Extracted data:
● ● ● ●
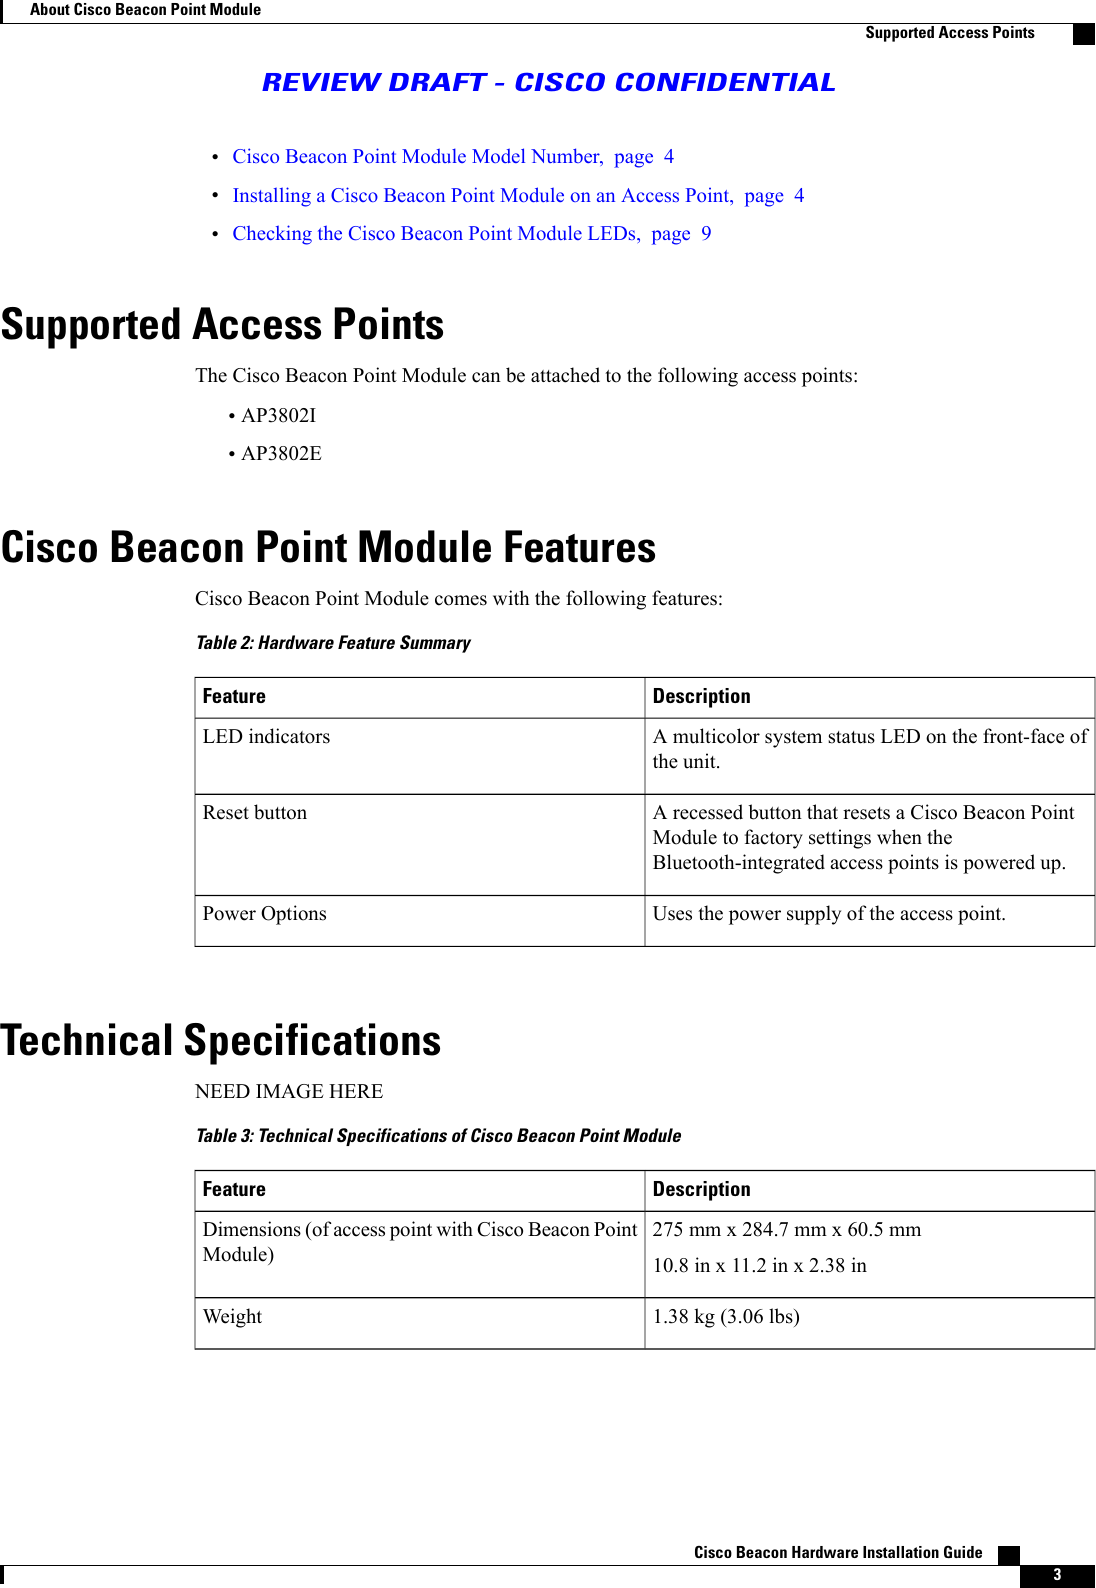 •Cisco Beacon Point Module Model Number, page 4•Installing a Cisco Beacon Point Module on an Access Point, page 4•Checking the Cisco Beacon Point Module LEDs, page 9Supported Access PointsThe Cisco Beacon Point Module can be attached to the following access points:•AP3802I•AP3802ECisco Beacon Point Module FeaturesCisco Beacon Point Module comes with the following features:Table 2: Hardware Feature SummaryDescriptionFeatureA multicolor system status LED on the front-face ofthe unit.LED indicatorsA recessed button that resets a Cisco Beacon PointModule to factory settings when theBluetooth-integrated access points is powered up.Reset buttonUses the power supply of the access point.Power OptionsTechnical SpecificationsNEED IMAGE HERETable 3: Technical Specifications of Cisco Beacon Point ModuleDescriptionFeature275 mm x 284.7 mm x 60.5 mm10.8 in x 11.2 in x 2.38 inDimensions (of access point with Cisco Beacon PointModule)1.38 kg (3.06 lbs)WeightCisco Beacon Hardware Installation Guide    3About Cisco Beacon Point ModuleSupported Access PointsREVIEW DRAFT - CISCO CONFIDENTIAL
● ● ● ●
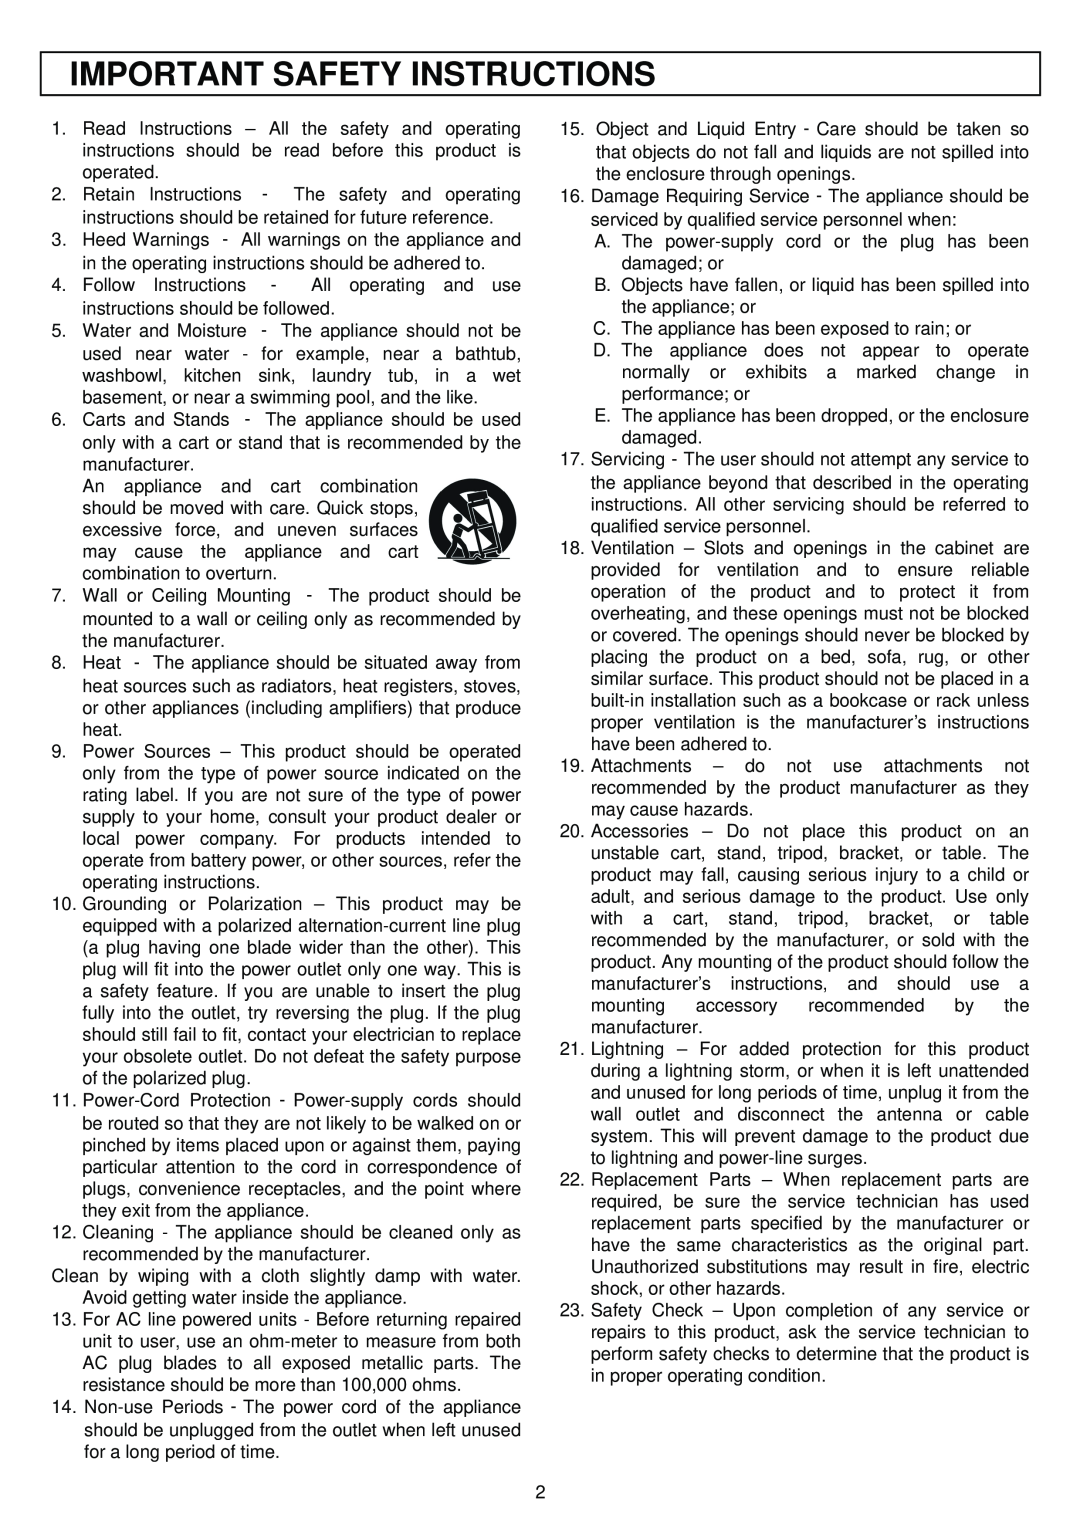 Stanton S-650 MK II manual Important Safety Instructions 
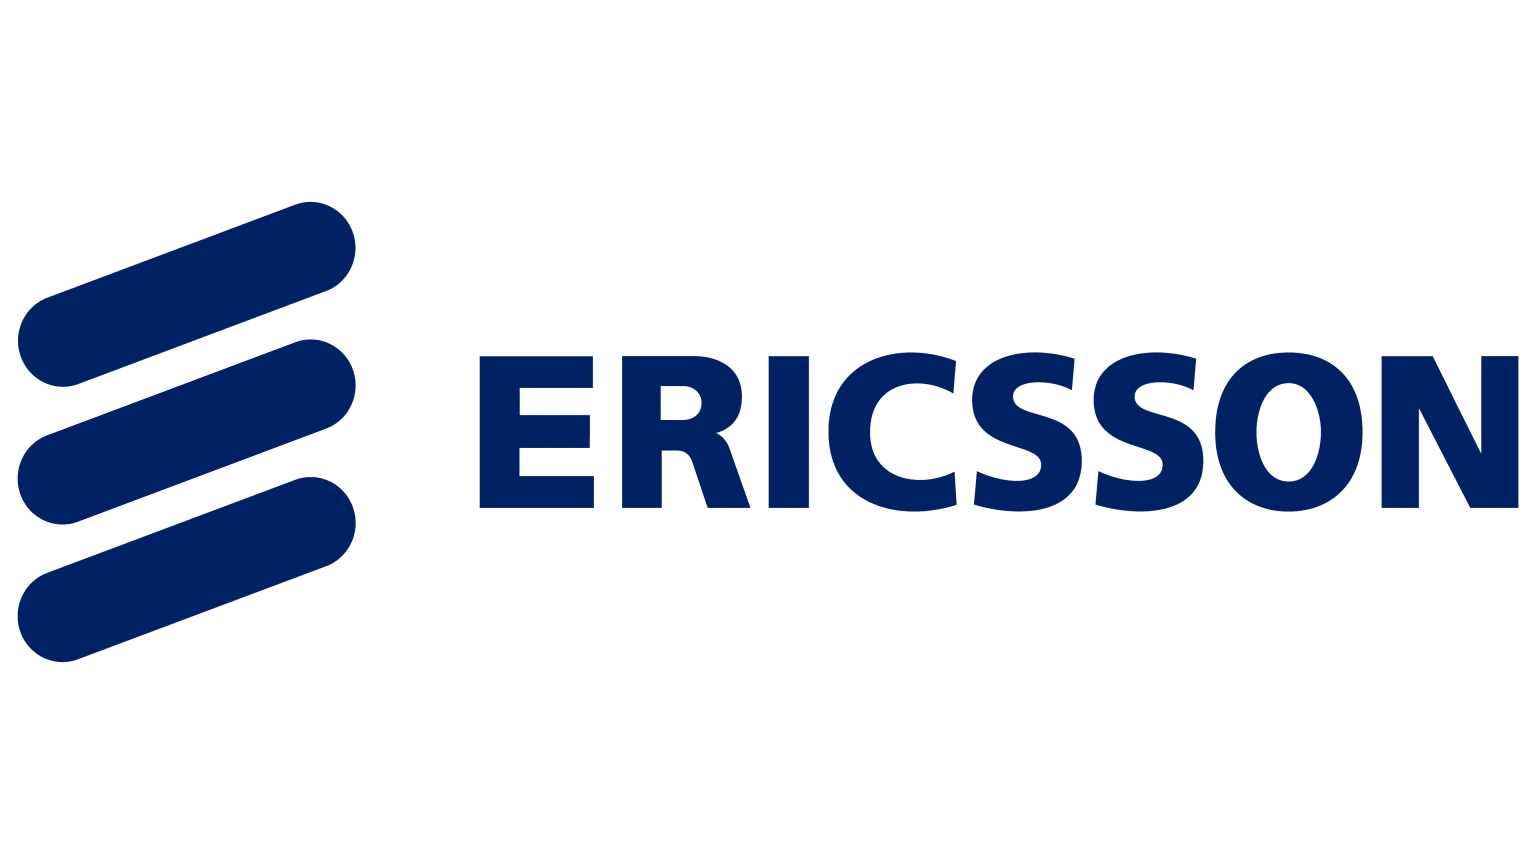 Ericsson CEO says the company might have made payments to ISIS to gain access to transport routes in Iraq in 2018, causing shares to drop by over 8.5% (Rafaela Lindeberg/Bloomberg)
● ● ● ●
Work to complete: Leaving pictures out, output the lines of the data above from the one with "Stanton S-650 MK" through the one with "Ericsson CEO says", word for word.

Completed exercise:
 Stanton S-650 MK II manual Important Safety Instructions 
 Ericsson CEO says the company might have made payments to ISIS to gain access to transport routes in Iraq in 2018, causing shares to drop by over 8.5% (Rafaela Lindeberg/Bloomberg)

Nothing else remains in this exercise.